From the records below, print exactly the lines starting at the one containing "VIJESSY Bracelets - Silver Colour" and ending at the one containing "Animali senza gabbia", ends included, and nothing else.

-- DATASET EXCERPTS follows --

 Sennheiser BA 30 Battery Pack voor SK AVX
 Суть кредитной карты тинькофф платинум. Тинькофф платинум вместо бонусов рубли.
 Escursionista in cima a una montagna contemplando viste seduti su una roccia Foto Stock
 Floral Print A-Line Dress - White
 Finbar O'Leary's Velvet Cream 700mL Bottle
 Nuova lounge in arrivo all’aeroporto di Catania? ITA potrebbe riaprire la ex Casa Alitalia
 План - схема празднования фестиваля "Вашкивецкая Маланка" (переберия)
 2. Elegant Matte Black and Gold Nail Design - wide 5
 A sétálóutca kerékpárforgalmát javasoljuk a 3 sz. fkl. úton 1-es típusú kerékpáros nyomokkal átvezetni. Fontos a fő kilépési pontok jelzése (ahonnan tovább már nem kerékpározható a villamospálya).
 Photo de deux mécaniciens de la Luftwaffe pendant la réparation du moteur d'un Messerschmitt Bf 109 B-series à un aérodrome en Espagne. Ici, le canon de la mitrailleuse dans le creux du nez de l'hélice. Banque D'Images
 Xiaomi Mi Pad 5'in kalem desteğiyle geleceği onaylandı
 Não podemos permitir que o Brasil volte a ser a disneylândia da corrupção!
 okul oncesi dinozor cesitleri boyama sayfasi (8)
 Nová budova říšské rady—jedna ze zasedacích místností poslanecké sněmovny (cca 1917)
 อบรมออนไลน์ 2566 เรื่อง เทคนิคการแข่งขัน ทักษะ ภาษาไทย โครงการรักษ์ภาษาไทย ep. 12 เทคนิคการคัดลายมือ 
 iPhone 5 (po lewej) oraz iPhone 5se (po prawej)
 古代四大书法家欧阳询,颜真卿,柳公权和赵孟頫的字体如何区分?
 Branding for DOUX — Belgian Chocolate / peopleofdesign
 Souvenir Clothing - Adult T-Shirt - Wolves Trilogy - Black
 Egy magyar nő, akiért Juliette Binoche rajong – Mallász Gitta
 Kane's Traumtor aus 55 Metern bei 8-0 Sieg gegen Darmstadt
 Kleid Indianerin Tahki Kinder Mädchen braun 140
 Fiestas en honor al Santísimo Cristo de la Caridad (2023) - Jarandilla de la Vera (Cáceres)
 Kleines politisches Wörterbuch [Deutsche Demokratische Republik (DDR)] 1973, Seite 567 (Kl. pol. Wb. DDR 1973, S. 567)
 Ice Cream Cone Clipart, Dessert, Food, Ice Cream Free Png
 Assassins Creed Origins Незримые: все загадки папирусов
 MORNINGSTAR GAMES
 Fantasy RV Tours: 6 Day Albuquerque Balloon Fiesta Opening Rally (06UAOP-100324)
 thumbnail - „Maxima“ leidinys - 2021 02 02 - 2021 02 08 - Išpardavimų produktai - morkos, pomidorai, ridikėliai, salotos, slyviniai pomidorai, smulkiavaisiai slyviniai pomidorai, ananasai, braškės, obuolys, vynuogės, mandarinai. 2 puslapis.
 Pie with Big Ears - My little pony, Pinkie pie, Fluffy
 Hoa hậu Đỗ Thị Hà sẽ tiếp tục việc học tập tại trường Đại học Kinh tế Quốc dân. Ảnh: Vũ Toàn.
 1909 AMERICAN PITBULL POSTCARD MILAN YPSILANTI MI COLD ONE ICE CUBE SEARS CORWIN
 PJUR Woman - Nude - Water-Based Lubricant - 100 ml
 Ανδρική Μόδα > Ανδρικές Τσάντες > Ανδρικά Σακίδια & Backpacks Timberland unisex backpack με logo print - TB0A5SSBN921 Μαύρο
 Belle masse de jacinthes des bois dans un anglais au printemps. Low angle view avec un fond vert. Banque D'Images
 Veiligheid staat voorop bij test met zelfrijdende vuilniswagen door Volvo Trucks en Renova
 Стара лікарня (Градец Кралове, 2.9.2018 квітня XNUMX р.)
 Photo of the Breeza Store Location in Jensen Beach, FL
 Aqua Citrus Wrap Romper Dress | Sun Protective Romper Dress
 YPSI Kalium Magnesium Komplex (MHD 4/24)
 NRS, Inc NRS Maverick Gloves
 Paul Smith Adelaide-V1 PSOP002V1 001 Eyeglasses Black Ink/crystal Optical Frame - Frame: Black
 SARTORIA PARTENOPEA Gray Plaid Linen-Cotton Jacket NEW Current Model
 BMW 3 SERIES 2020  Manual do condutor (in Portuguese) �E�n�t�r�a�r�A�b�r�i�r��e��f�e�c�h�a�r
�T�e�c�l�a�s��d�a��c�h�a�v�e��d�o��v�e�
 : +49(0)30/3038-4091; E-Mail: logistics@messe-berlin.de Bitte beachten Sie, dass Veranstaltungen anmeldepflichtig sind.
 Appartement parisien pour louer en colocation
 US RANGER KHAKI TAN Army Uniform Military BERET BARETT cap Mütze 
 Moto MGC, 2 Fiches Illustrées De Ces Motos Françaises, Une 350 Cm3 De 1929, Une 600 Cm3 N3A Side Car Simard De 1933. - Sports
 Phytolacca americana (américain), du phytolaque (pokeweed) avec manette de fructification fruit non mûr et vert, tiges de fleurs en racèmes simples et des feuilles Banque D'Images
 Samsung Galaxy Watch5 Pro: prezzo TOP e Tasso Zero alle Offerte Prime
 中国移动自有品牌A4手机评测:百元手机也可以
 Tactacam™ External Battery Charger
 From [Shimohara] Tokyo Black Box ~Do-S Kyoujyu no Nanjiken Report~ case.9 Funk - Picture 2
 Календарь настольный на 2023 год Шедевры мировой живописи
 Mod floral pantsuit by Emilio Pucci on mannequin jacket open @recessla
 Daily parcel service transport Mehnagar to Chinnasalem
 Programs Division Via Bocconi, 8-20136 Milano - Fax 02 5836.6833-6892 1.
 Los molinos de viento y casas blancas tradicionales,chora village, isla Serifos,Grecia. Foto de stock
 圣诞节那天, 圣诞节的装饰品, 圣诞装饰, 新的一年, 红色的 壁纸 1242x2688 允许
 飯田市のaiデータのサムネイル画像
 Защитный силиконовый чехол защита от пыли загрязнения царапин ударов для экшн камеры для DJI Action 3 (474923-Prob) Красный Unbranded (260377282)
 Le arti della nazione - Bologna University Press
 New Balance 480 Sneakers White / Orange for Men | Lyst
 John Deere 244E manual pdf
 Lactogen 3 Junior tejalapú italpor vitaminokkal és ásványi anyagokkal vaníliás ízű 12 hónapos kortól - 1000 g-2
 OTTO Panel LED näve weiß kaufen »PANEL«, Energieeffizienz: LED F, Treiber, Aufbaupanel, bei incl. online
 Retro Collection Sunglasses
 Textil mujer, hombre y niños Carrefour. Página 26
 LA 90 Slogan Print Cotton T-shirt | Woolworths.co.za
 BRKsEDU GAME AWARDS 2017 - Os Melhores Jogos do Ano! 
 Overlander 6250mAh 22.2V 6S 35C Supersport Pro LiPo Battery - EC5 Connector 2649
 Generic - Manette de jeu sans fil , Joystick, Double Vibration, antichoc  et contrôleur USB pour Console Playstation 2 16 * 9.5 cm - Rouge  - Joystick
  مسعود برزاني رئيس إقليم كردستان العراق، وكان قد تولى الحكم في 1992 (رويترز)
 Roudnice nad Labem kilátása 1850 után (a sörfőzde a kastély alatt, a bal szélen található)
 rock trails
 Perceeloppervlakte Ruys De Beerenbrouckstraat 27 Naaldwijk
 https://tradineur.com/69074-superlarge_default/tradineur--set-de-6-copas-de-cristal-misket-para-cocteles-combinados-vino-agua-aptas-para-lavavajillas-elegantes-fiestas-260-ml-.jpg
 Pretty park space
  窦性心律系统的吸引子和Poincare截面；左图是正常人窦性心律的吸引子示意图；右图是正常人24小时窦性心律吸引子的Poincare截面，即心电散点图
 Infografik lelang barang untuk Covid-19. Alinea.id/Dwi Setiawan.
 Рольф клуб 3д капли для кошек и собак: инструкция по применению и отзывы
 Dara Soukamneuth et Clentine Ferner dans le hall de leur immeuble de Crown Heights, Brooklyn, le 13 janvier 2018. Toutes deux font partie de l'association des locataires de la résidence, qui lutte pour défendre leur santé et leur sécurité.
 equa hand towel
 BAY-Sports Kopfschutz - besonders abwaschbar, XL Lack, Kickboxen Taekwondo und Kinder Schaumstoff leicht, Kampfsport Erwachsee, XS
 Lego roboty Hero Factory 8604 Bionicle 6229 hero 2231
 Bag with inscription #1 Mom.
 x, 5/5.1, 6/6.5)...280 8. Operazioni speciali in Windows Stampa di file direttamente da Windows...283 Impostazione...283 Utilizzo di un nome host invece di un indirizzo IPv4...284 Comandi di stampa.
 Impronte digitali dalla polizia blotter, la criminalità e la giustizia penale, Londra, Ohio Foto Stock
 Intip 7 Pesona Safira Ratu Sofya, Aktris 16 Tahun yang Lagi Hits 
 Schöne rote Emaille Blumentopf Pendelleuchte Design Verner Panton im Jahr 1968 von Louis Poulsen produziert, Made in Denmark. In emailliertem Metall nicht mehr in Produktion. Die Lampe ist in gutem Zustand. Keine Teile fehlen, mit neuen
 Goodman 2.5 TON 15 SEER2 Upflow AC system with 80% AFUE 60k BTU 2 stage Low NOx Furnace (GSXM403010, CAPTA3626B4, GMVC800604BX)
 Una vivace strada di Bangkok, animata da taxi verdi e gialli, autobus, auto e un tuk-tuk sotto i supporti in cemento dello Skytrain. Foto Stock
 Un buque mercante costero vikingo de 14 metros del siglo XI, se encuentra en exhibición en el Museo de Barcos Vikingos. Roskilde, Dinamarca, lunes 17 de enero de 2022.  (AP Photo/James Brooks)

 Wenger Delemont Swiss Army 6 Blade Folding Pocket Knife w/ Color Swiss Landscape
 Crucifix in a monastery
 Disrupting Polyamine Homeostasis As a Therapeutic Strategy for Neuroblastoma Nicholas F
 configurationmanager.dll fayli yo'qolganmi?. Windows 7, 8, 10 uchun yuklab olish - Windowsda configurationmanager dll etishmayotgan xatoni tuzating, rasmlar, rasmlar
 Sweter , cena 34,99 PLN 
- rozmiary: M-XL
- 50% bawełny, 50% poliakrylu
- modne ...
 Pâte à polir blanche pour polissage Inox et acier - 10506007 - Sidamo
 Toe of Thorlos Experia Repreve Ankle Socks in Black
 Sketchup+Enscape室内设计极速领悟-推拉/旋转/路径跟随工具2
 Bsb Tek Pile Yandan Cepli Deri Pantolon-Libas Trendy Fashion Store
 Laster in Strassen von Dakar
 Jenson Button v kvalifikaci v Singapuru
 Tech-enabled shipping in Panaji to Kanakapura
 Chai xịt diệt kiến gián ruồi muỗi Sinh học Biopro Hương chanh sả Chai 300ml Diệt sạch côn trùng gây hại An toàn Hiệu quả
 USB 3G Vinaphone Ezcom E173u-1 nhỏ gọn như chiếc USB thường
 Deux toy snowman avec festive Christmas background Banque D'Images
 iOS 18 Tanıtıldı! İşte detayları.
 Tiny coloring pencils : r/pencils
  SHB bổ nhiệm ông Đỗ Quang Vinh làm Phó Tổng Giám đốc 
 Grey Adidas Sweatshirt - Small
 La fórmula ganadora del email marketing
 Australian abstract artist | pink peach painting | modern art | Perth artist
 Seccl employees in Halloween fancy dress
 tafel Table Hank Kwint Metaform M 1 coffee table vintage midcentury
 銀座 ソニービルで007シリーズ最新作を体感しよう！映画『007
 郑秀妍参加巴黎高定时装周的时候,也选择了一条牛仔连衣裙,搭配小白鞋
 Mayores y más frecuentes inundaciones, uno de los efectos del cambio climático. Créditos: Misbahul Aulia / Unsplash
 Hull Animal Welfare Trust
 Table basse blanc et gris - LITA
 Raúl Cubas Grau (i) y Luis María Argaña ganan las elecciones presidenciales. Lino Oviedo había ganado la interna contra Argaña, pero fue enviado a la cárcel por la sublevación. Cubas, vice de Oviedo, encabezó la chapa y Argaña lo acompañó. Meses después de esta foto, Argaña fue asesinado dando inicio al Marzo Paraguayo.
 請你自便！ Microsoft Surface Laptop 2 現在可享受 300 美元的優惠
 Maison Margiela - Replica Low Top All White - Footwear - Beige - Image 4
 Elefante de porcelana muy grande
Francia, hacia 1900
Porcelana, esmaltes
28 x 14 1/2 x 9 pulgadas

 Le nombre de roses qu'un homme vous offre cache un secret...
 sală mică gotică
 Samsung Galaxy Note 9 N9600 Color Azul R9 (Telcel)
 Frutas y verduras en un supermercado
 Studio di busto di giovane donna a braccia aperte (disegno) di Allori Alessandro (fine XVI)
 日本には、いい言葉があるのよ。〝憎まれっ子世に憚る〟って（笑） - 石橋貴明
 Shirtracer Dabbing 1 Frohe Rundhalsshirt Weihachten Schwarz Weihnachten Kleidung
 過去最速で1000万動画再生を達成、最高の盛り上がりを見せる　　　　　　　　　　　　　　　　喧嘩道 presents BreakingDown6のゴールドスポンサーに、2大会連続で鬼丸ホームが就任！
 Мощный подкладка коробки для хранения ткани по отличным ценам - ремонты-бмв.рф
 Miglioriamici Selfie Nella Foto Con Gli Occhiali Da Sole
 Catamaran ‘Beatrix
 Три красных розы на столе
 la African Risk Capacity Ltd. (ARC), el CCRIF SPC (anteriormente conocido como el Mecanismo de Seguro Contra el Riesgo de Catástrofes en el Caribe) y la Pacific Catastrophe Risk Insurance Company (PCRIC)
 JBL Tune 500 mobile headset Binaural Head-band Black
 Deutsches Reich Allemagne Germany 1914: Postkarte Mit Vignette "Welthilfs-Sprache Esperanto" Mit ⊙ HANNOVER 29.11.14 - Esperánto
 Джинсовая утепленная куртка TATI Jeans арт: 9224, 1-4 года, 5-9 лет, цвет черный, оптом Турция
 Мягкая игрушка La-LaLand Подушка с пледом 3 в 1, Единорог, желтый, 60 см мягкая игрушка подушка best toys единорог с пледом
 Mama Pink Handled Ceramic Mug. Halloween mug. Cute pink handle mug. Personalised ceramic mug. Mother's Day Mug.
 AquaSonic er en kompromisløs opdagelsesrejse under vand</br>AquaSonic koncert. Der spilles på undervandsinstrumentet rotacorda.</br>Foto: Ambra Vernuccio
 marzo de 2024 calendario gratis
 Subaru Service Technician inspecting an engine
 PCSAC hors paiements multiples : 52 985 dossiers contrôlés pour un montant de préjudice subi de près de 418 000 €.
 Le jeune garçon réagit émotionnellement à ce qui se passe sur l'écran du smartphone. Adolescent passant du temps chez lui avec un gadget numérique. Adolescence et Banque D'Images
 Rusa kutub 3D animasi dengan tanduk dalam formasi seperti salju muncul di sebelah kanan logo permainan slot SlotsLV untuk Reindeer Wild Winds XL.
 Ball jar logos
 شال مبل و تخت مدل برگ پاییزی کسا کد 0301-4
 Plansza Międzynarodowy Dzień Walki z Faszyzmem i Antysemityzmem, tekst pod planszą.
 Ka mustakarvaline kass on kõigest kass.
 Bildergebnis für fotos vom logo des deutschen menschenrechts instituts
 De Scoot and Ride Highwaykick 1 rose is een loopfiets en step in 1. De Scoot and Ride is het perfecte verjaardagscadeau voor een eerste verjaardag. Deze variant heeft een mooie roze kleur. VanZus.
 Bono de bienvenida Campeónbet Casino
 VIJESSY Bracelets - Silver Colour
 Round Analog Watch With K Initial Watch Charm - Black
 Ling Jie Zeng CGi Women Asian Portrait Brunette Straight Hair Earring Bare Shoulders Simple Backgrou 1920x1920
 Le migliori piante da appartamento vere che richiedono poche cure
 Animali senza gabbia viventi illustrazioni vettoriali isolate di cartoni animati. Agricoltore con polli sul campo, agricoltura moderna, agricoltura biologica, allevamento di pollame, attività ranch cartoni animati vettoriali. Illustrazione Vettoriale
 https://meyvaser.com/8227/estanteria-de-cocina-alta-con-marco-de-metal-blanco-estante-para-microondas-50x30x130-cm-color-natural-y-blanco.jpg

-- DATASET EXCERPTS concluded --

RESULT OF THE EXERCISE →
 VIJESSY Bracelets - Silver Colour
 Round Analog Watch With K Initial Watch Charm - Black
 Ling Jie Zeng CGi Women Asian Portrait Brunette Straight Hair Earring Bare Shoulders Simple Backgrou 1920x1920
 Le migliori piante da appartamento vere che richiedono poche cure
 Animali senza gabbia viventi illustrazioni vettoriali isolate di cartoni animati. Agricoltore con polli sul campo, agricoltura moderna, agricoltura biologica, allevamento di pollame, attività ranch cartoni animati vettoriali. Illustrazione Vettoriale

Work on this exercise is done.